Un grupo de bisontes en estampida. Pumas desplazándose en silencio. Alces que abandonan las llanuras del parque. Las imágenes parecen el tráiler de un desastre natural, pero en realidad muestran algo mucho más cotidiano. Mientras las redes enloquecen con teorías apocalípticas, los científicos apuntan a lo que realmente está pasando: la naturaleza, simplemente, está haciendo lo suyo.
Lo que muestran los videos… y lo que realmente está ocurriendo

El Parque Nacional Yellowstone es una maravilla geotérmica —y también un imán para las teorías conspirativas. Esta vez, una serie de grabaciones que muestran a grandes grupos de animales desplazándose rápidamente fuera del parque ha despertado un viejo temor: ¿está a punto de estallar el supervolcán?
Bisontes, alces, osos y hasta pumas aparecen alejándose hacia el sur. Las imágenes se han viralizado, y junto a ellas, las hipótesis más alarmistas: animales que “intuyen” lo que se avecina y escapan antes de que la Tierra tiemble. Pero el Servicio de Parques Nacionales (NPS) fue claro: no hay ninguna señal de actividad sísmica o volcánica inusual. La migración de los animales no solo es esperada, sino que ocurre todos los años.
En esta época, muchas especies descienden hacia zonas más bajas para encontrar alimento y temperaturas más suaves. A esto se suma el flujo de visitantes de verano, que empuja a los animales a zonas más tranquilas. Lo que parece una huida desesperada es, en realidad, una reubicación perfectamente normal.
More animals leaving the national park in Yellowstone pic.twitter.com/EvtBUoPpio
— mrredpillz jokaqarmy (@JOKAQARMY1) July 16, 2025
Por qué la ciencia sigue tranquila (y tú también deberías estarlo)

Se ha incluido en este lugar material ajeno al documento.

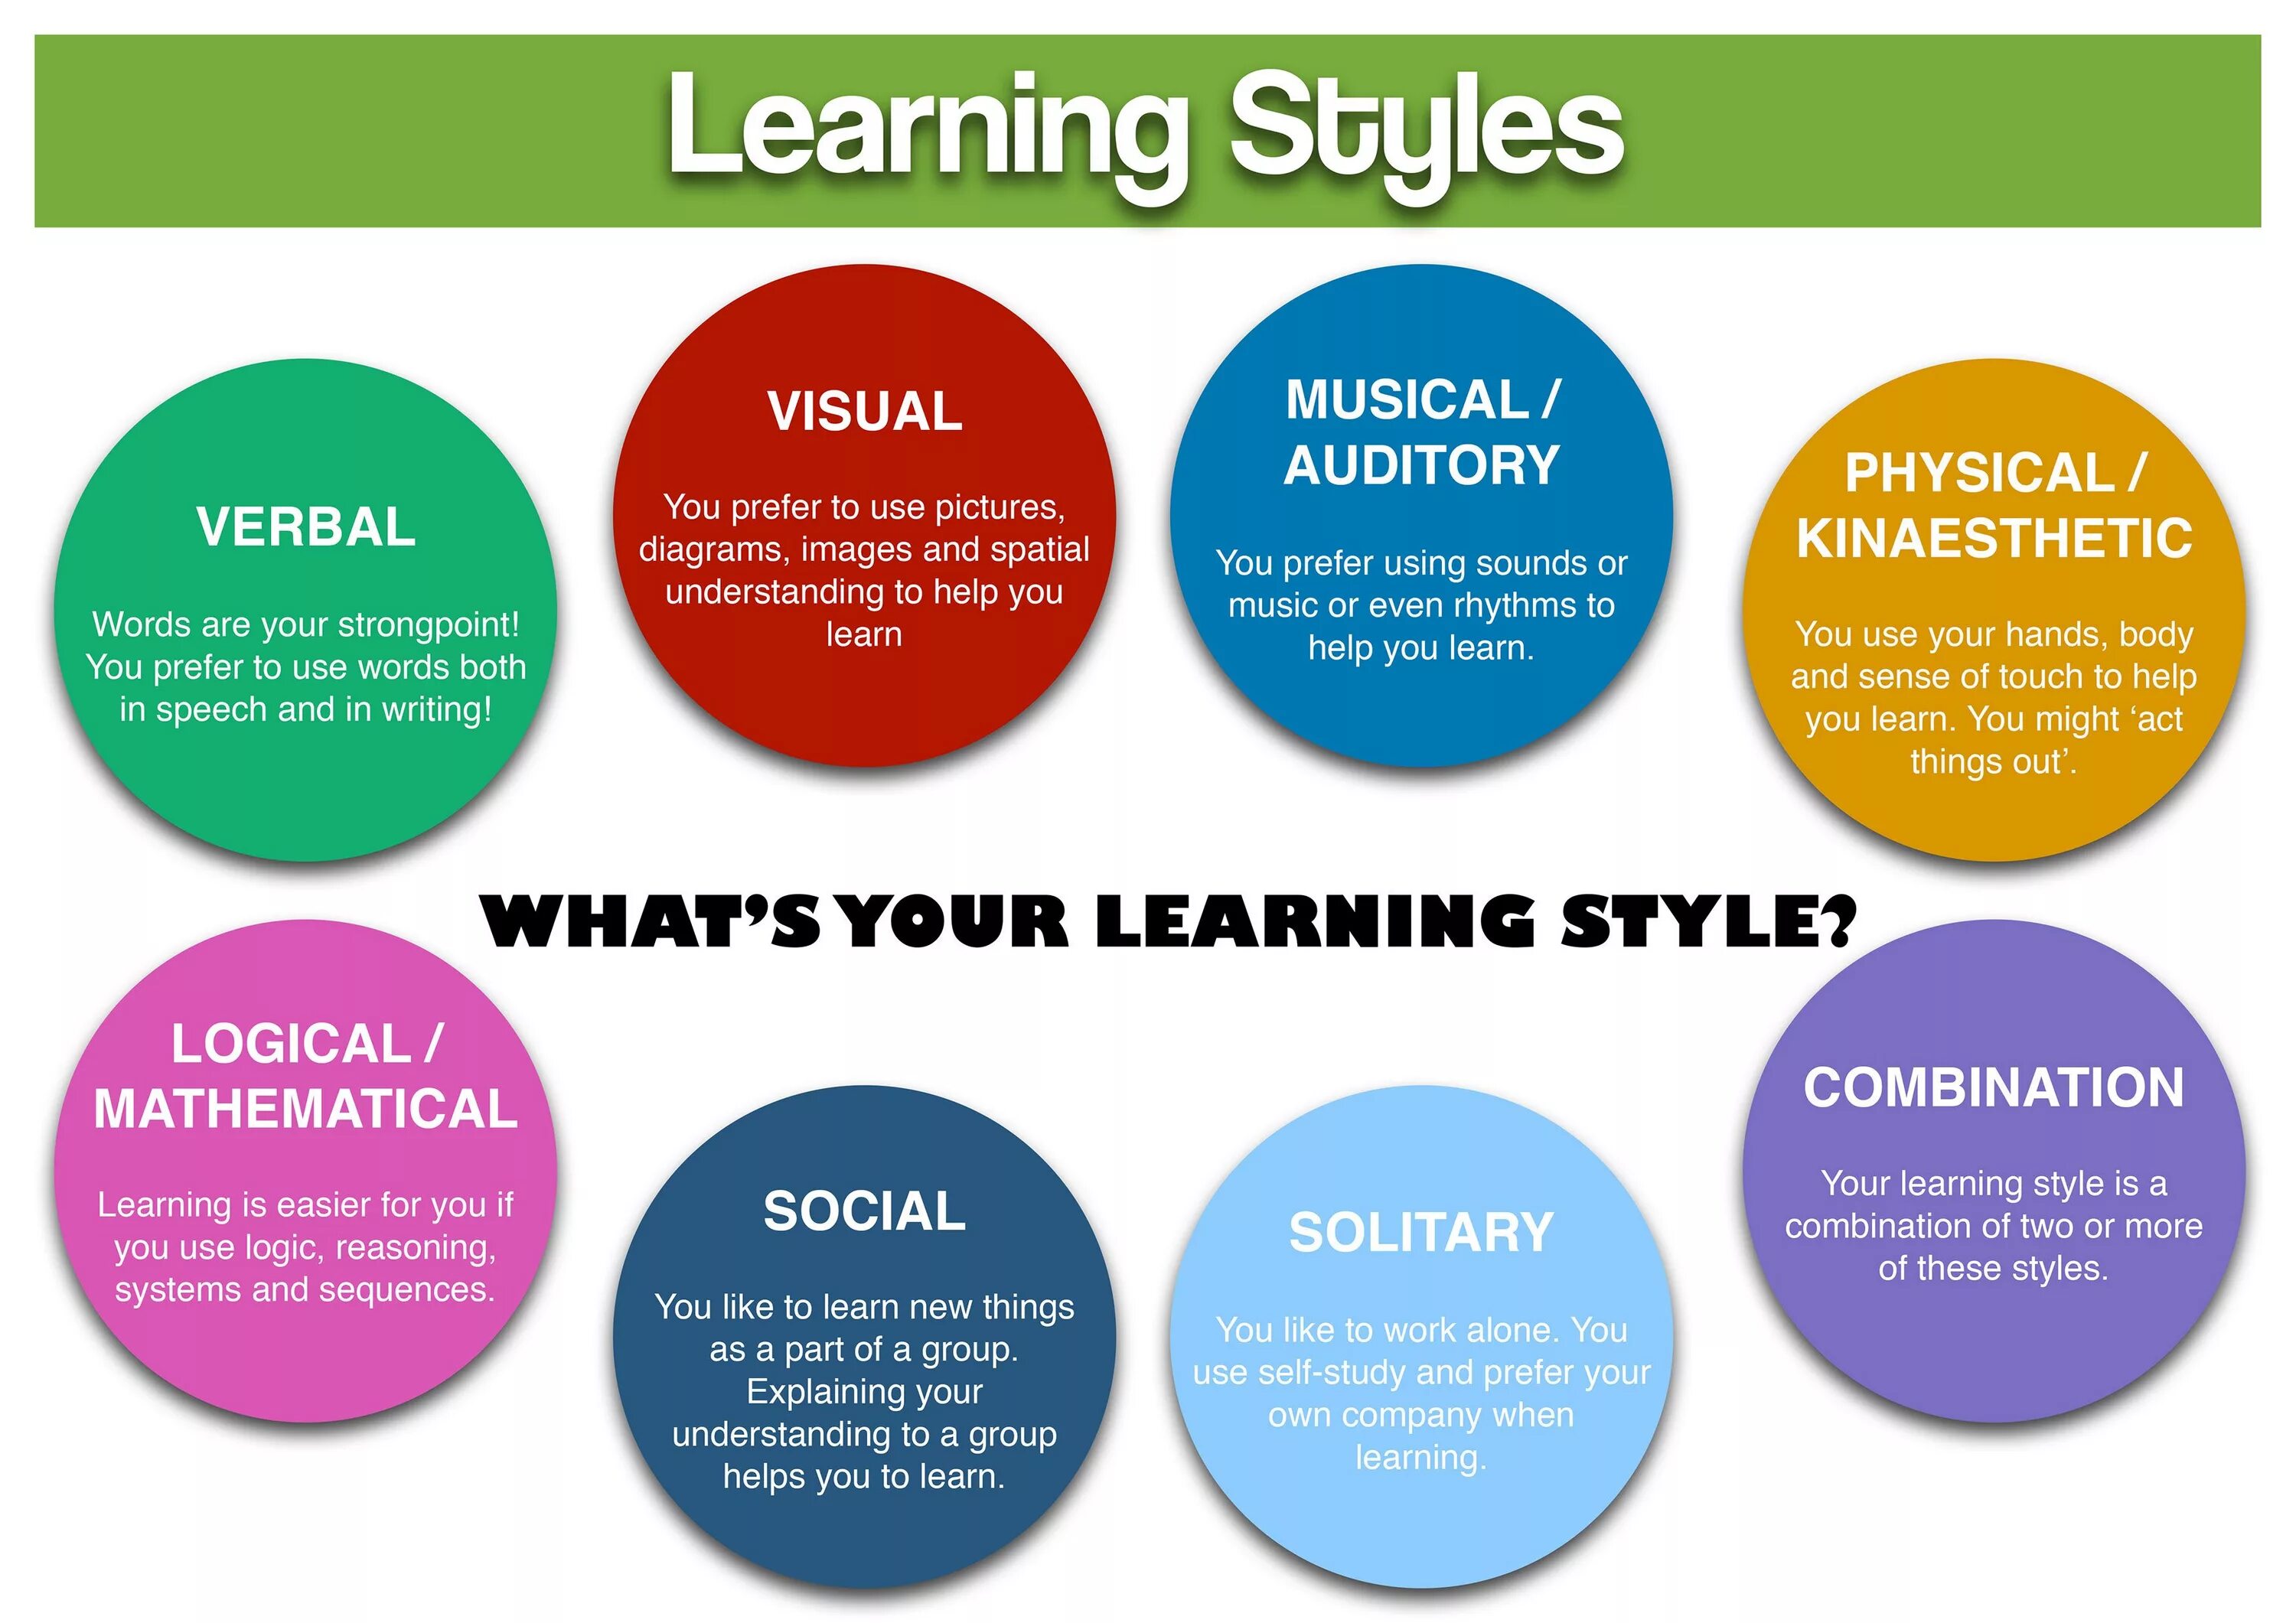 Learning Styles. Types of Learning Styles. Different Learning Styles. Learning Styles and Strategies.

Yellowstone es uno de los lugares más monitoreados del planeta. Los científicos no solo vigilan las cámaras de vigilancia o los satélites, sino que siguen de cerca la actividad geológica y biológica en tiempo real. Cualquier anomalía —ya sea un enjambre sísmico o un patrón extraño en la fauna— se detectaría de inmediato.
Un portavoz del parque confirmó que no hay indicios de alarma: ni en los sensores subterráneos, ni en el comportamiento animal. Incluso el famoso video de los pumas —que llamó especialmente la atención— se enmarca en movimientos normales dentro del rango de actividad de los 34 a 42 ejemplares que habitan el parque, según el Proyecto Puma para Siempre.
Las teorías virales pueden ser emocionantes, pero la ciencia sigue siendo la mejor brújula para entender qué está pasando en Yellowstone. Y, por ahora, todo apunta a lo más lógico: los animales simplemente están siendo animales. Sin señales del fin del mundo. Sin erupciones. Sin misterio. Solo naturaleza en movimiento.